Stored dataset items:
++++++++++++++++++++
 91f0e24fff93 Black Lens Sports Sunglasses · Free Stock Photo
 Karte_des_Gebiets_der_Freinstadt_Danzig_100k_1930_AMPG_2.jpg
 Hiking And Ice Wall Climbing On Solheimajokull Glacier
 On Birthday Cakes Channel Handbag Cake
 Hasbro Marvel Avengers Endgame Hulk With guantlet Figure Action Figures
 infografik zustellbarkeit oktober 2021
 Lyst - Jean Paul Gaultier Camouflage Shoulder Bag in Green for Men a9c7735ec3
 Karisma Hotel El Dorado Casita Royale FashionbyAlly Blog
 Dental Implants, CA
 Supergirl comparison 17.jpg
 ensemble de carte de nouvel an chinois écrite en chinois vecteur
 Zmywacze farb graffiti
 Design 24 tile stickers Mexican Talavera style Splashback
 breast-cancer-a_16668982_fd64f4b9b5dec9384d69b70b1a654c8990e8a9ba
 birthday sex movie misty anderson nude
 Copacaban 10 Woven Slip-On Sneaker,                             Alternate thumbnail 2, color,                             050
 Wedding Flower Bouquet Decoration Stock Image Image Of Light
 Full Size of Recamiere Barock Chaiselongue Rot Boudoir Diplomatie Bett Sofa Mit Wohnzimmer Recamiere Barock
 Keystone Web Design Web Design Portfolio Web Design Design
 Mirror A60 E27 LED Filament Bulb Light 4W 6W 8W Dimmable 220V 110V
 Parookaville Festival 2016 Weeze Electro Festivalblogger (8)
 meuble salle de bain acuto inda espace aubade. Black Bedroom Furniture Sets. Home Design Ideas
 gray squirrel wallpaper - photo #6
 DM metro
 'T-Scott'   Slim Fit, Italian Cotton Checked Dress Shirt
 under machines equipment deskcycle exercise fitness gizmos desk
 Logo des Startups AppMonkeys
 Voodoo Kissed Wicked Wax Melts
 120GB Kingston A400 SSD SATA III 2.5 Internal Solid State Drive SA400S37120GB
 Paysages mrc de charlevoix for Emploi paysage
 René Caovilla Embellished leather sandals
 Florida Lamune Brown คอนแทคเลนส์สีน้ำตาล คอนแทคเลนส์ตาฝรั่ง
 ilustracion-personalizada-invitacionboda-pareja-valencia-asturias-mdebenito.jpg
++++++++++++++++++++
Work required: Extract each line from the entries above that contains the string "Light".

Output for this task:
 Wedding Flower Bouquet Decoration Stock Image Image Of Light
 Mirror A60 E27 LED Filament Bulb Light 4W 6W 8W Dimmable 220V 110V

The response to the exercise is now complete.